Lisa took a deep breath, then another – ignoring the taste of blood where the gag cut into the corners of her mouth. Concentrate, she told herself. Concentrate.
Marlowe tossed her duvet out of the airing cupboard. She had decided to sleep on the sofa as it was, instead of folding it out to make a bed.
She brushed her teeth in front of Robert Mitchum, wondering which film he had been making when it was taken.
She felt sure the picture meant nothing significant.
She returned to the living area, switched out the light and lay down on top of the duvet, staring up at the sulphur glow that the street lamp cast on her ceiling.
She tried to remember The Cross and the Switchblade in detail. Who’d written the book? Was it David something? She couldn’t even remember the author’s name.
What would Peter enjoy in a book about love and salvation? And she now doubted whether it would affect her in the same way it had when she’d first read it. She was altogether too cynical now.
She pictured the words on the back cover: ‘The face of a killer started him on his lonely crusade.’
Marlowe closed her eyes and fell asleep.
Goodhew’s notes had expanded to six pages scattered across the floor, overlapping with each other to cover the assembled photos.
He scanned his notes and questions. They’d have to wait for tomorrow before he could start filling in the answers.
His jacket hung on the door handle, and the edge of the paperback jutted from one pocket.
He pulled it out and leant against the wall, as he started to read the first chapter. Read it for a few minutes, then go back to the notes fresh; that was his plan.
Lisa writhed and wriggled, still trying to hook the rope binding her ankles over that sharp stump of bough. The more she fought, the more it bit into her flesh.
She ignored the pain. Another inch and s
he’d be there. Her neck twisted as she tried to allow her hands another inch of movement towards her feet.

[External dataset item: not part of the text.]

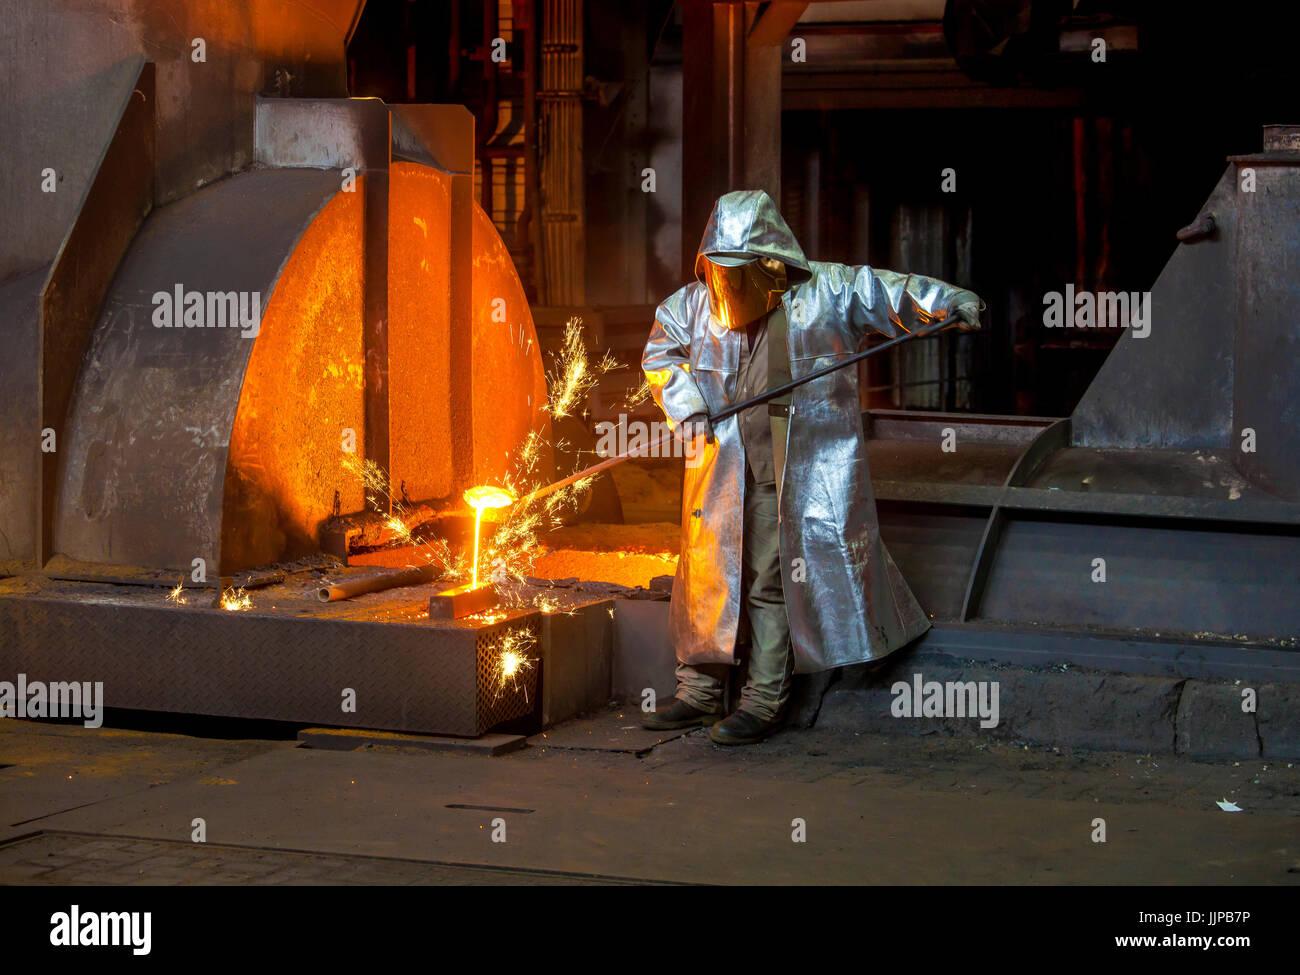 ThyssenKrupp steelwork, Duisburg, Ruhr area, North Rhine-Westphalia, Germany, Europe.  ThyssenKrupp HŸttenwerk, - Stock Image

She lunged out with her feet and her right toe caught the tip of the cracked bough.
Nearly there.
She thrashed around, struggling for just another inch. She grunted, fighting for breath and twisting her torso against the restraint of the rope. She felt the broken bough bump against her ankle bone. The rope was hooked.
She’d done it!
She lay there panting, her weight now resting on her shoulder blades; her hips suspended just above the ground. The flesh on her wrists was dragged taut towards her ankles. A searing pain shot through her neck, across her shoulders and down her spine. Even if she’d torn every muscle in her body, it was still worth it.

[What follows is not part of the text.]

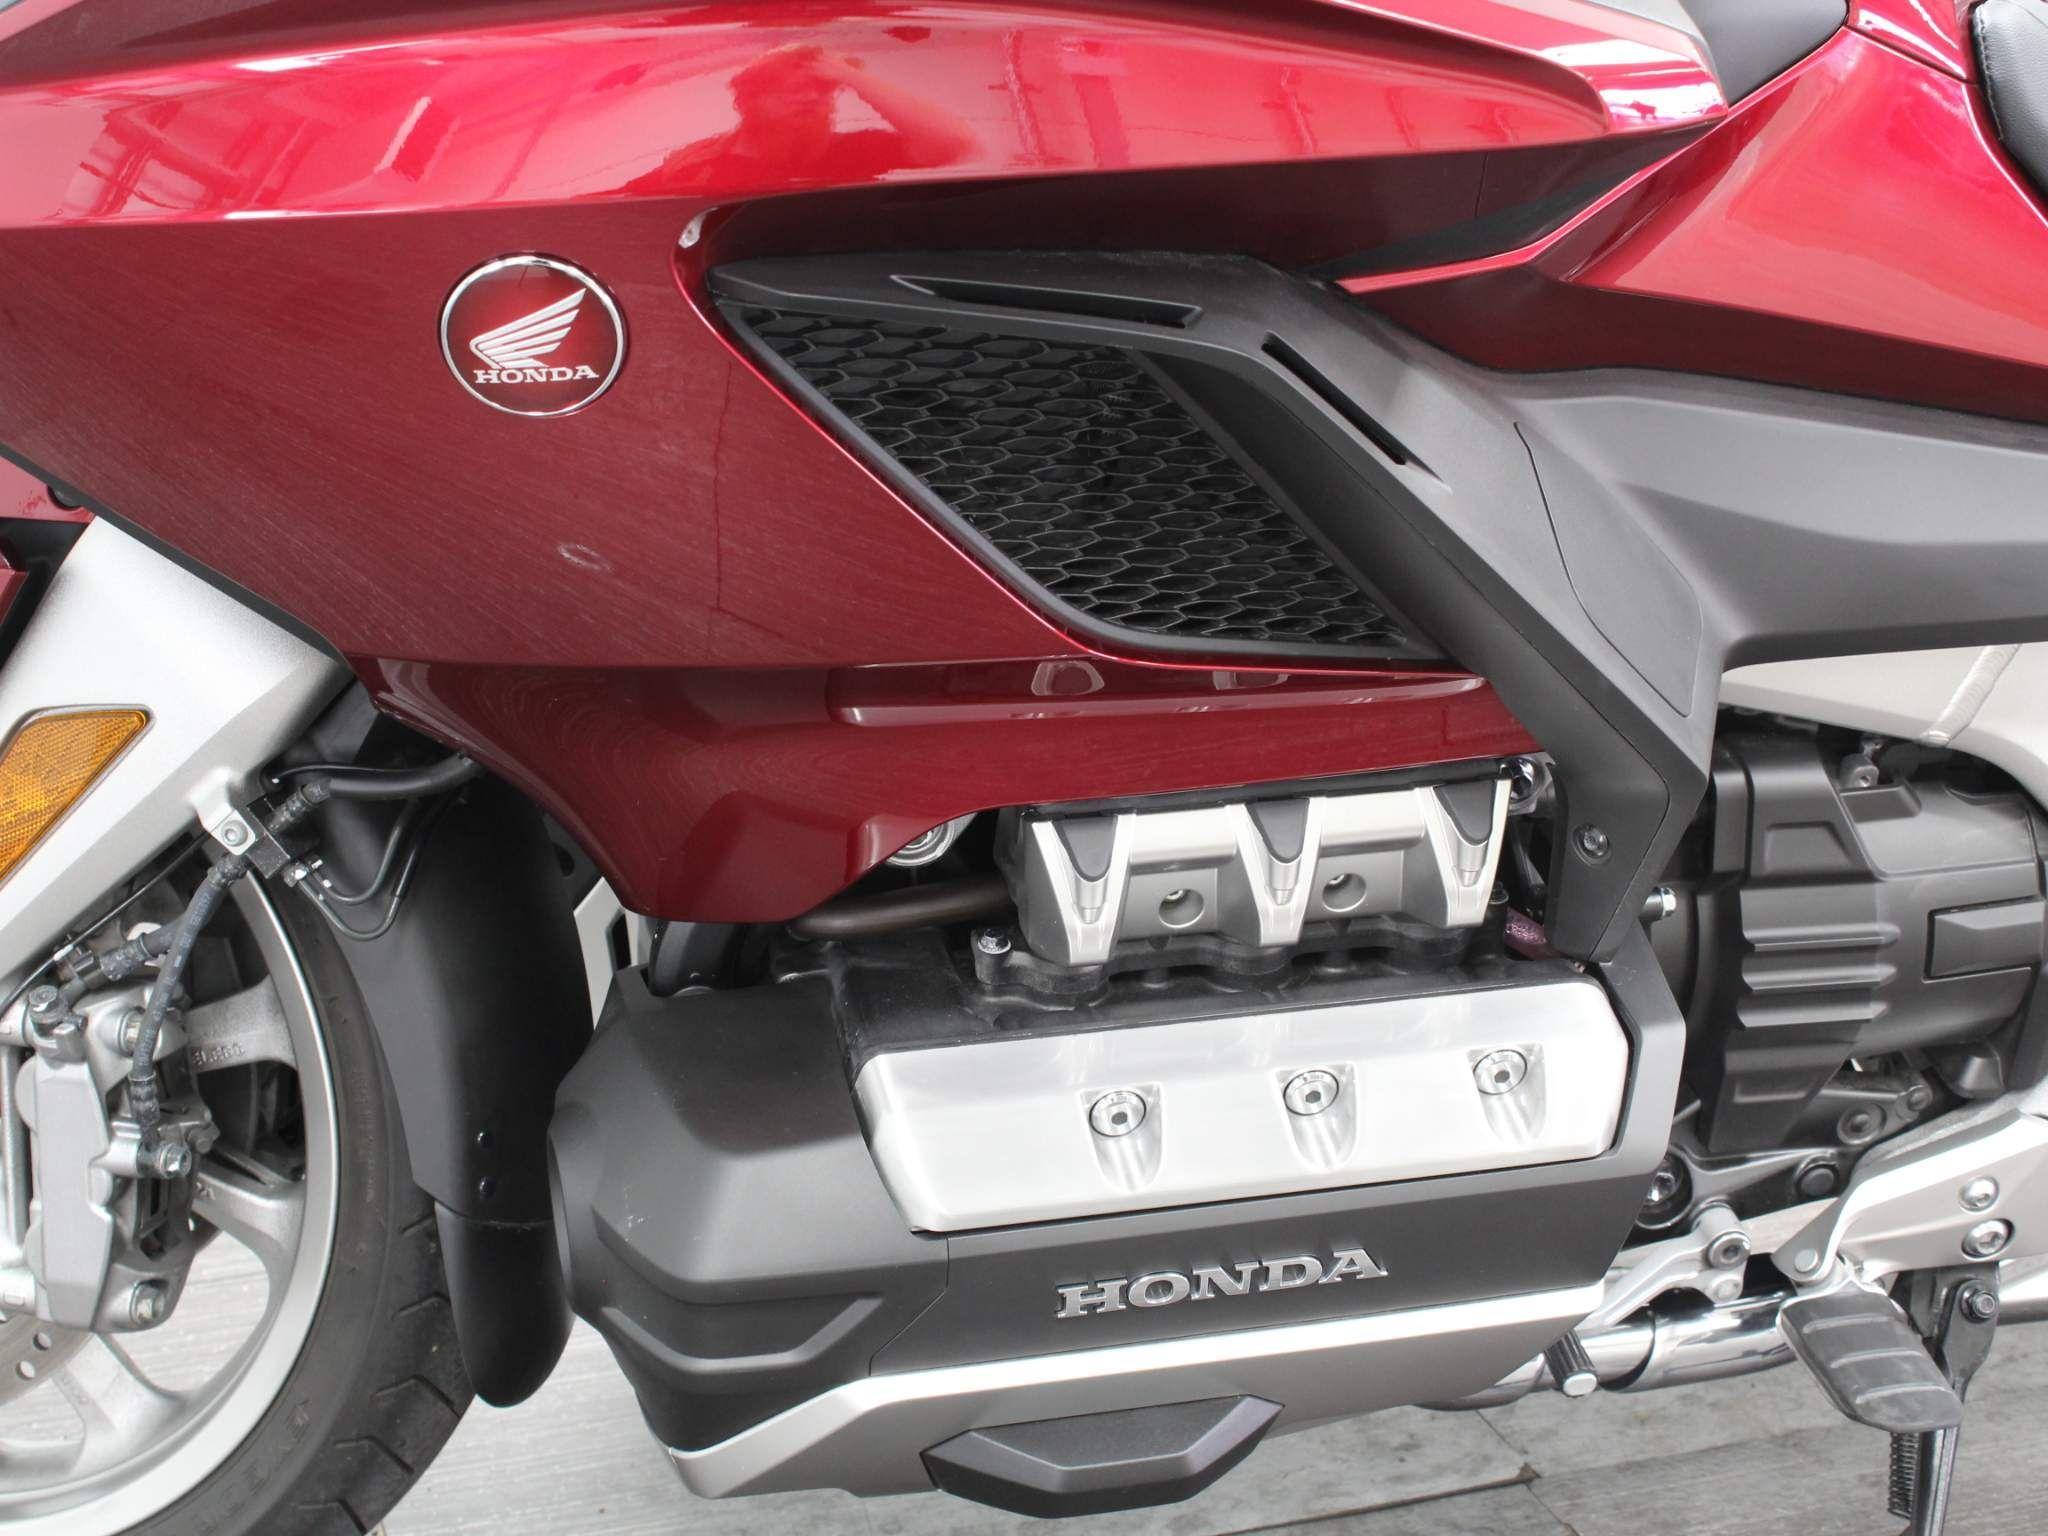 Honda GL1800 Goldwing Images

A draft of cool breeze swept through the forest, rattling the leaves and brushing against her face. It passed on, but a different rustling remained. A more determined sound.
She held herself still.
It stopped, then scurried closer.
A film of sweat erupted across her cheeks. A rat!
She dragged the rope from side to side across the sharp stump of the bough. Pulling it tight, disregarding her chafed skin; just begging for the rope to fray.
The rat scampered to the edge of the bank, paused, then scurried closer still.
She let out a strangled squeal and the rat retreated. Lisa squirmed to free her legs, but it was the stump which gave way, sending her legs skimming back down the trunk to the ground. Her ankle bone banged against the serrated bark of the tree. The wood flew apart, dry and brittle, and the largest fragment catapulted into her eyebrow. Blood oozed into her eye.
Gully slipped into the police station at 1 a.m. She turned on the second-floor lights, glad to be alone in the office. The last thing she wanted was company, especially when there was only a sweatshirt between her Dumbo nightie and the rest of the world. This wasn’t how she had wanted Goodhew to wake her up in the middle of the night.